Tissue Expander Breast Reconstruction Risk Assessment: Does BMI Contribute To Outcomes?
Julie L. Cooper, BS1, Yash Kadakia, BA1, Austin Hembd, MD1, Ricardo Garza, BS1, Avinash Jayaraman, BA1, Sami U. Khan, MD2, Nicholas T. Haddock, MD1, Sumeet S. Teotia, MD1.
1University of Texas Southwestern Medical Center, Dallas, TX, USA, 2Stony Brook University, Stony Brook, NY, USA.
PURPOSE: A post-operative multidisciplinary approach showing improved rates of tissue expander (TE) salvage in breast reconstruction patients has been previously described. This prompted us to investigate whether BMI could contribute to TE salvage and removal frequencies in TE reconstruction patients.

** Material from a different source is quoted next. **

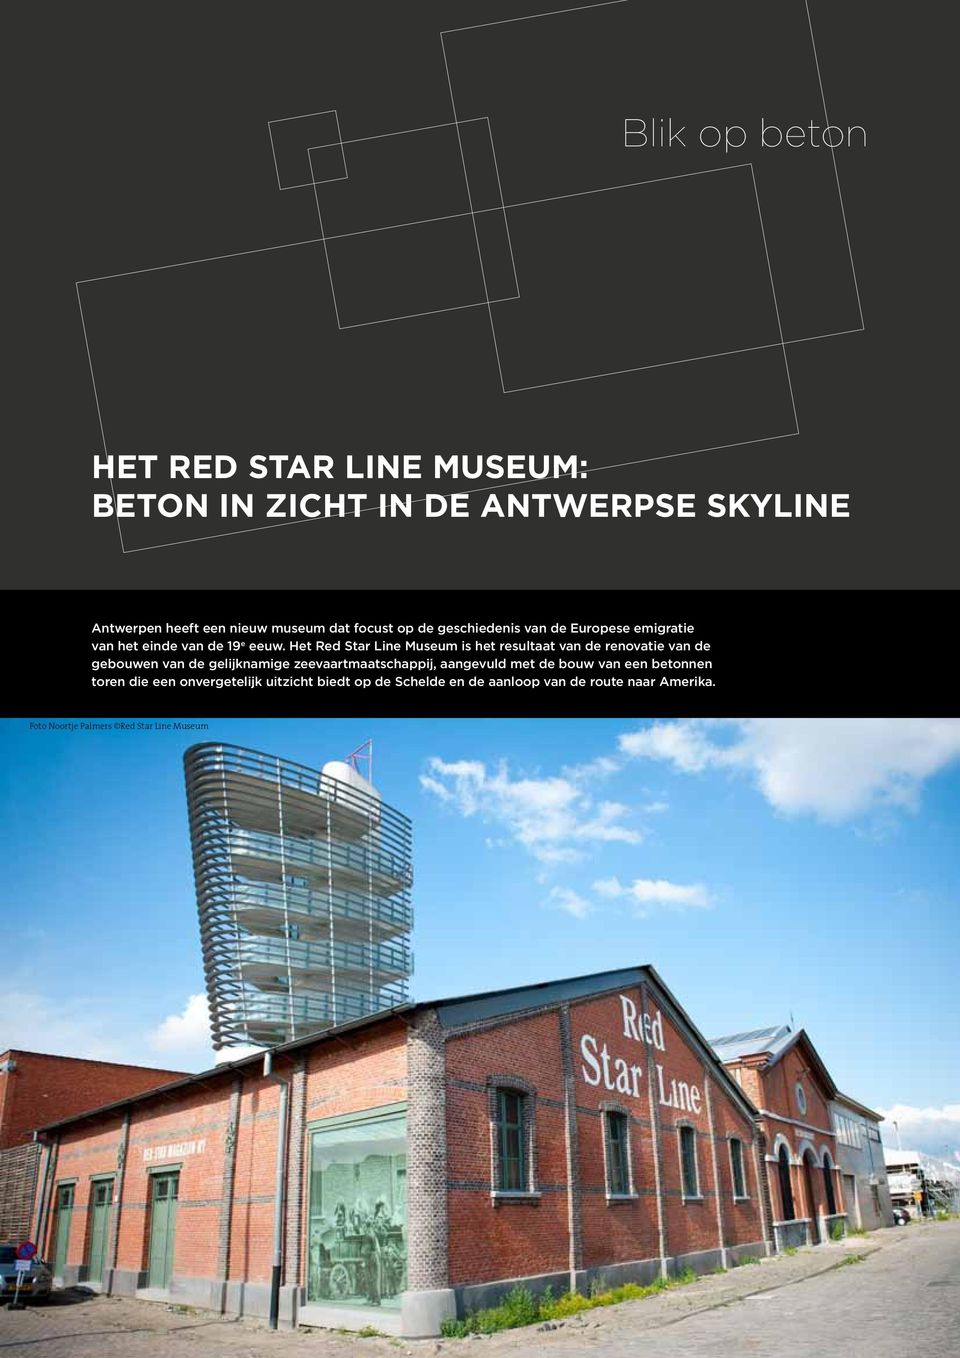 Het Red Star Line Museum is het resultaat van de renovatie van de gebouwen van de gelijknamige zeevaartmaatschappij,

METHODS: Retrospective chart review was performed on 810 patients who had tissue expanders placed by two senior surgeons at a university hospital (Dec 2009 - Dec 2018). Patients were organized into six groups based on BMI: underweight (BMI < 18.5, n = 21), normal weight (BMI 18.5-25, n = 330), overweight (BMI 25-30, n = 235), obese class I (BMI 30-35, n = 142), obese class II (BMI 35-40, n = 54), obese class III (BMI > 40, n = 28). TE removal and co-morbidities were tracked between the two groups. Data was collected using a centralized REDCap database and analyses were performed using Microsoft Excel software.
RESULTS: The proportion of TEs removed in patients with BMI > 35 (13/82) was significantly higher than the proportion of TEs removed in patients with BMI < 35 (58/728), p = 0.016. Additionally, the percentage of TEs removed among patients in a single BMI class increased in a linear fashion with increasing BMI classification such that with each increase in BMI classification, the percentage of patients that had their TEs removed increased by about 3.7% (R2=0.9285). However, the frequencies of co-morbidities between groups were not equal. Patients with BMI > 35 had a higher incidence of hypertension and of diabetes (p=0.001 and p=0.0004 respectively) compared to patients with BMI < 35.
CONCLUSION: TE reconstruction patients with BMI > 35 showed a higher percentage of TEs removed compared to patients with BMI < 35. Additionally, the percentage of TEs removed increased in a linear fashion with increasing BMI classification. Although co-morbidities differed between the two patient groups, BMI can still be used as one predictor of TE removal risk. Thus, patients with higher BMI classifications may benefit from additional post-operative precautions and appropriate pre-operative counseling to prevent complications that lead to TE removal.